Relative with Supplementary Pronoun. With the Germans it is still customary, when the antecedent is a pronoun of the first or second person, to repeat the pronoun for the sake of defining the person, because the relative is regarded as being in the third person. Thus "Thou who thou hearest," &c. The same repetition was common in Anglo-Saxon (and in Hebrew) for all persons. "That (rel.) through him" = "through whom," "a tribe that they can produce" = "a tribe who can produce," &c.

Hence in Chaucer, Prol. 43-45:

A knight ther was, and that a worthy man, That, from the tymë that he first began To ryden out, he lovede chyvalrye;
and in the same author "that his" = "whose," "that him" = "whom," &c.

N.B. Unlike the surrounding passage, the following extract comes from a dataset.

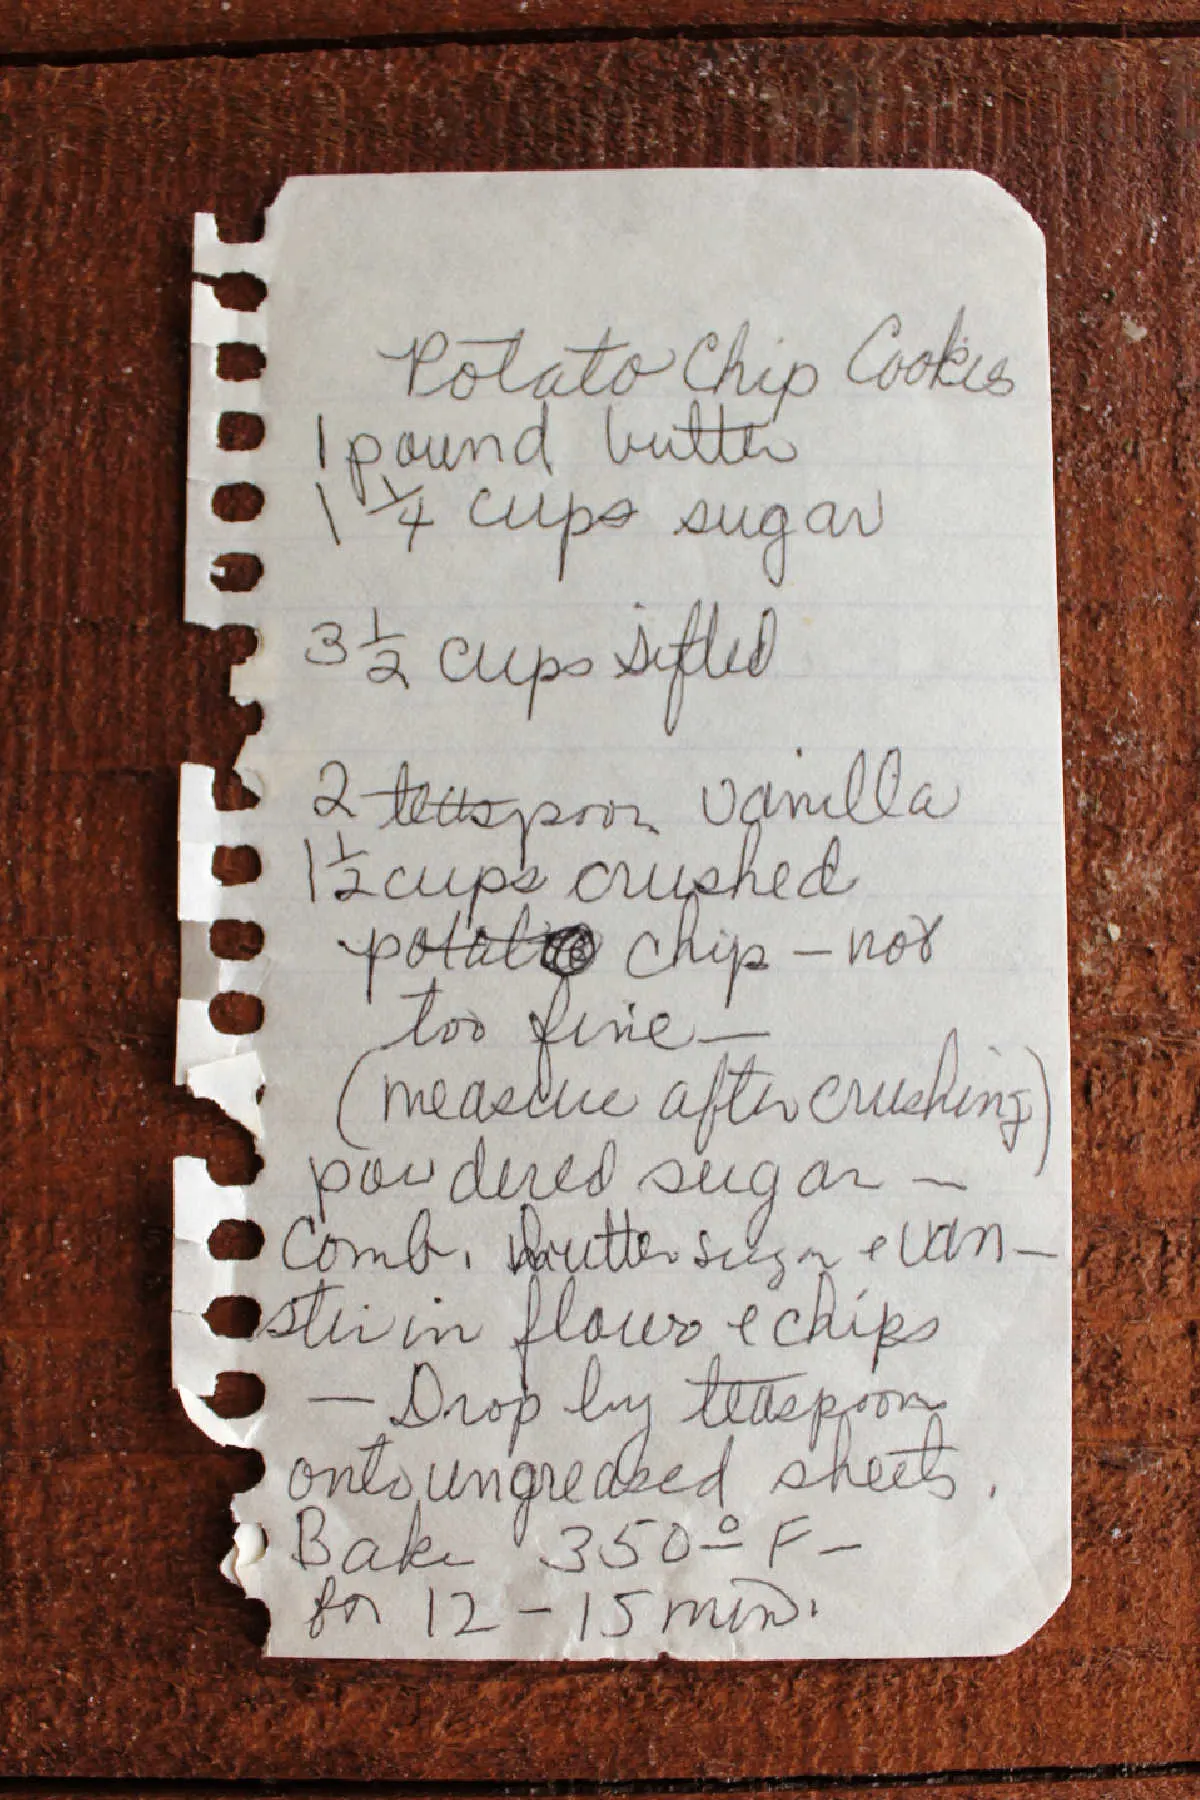 Handwritten potato chip cookie recipe on piece of small notepad paper.

In the same way in Elizabethan authors, when the interrogative who (251) had partially supplanted that as a relative, we find who his for whose, whom him for whom, which it for which, &c.

The following is probably not a case of the supplementary pronoun:

“Bardolph and Nym had ten times more valour than this roaring
devil i' the old play, that every one may pare his nails with a wooden
dagger.

That . . . his is not elsewhere used in Shakespeare, that I know of. The above probably means "than this (fellow, who is) a mere devil-in-the-play, so that every one may beat him."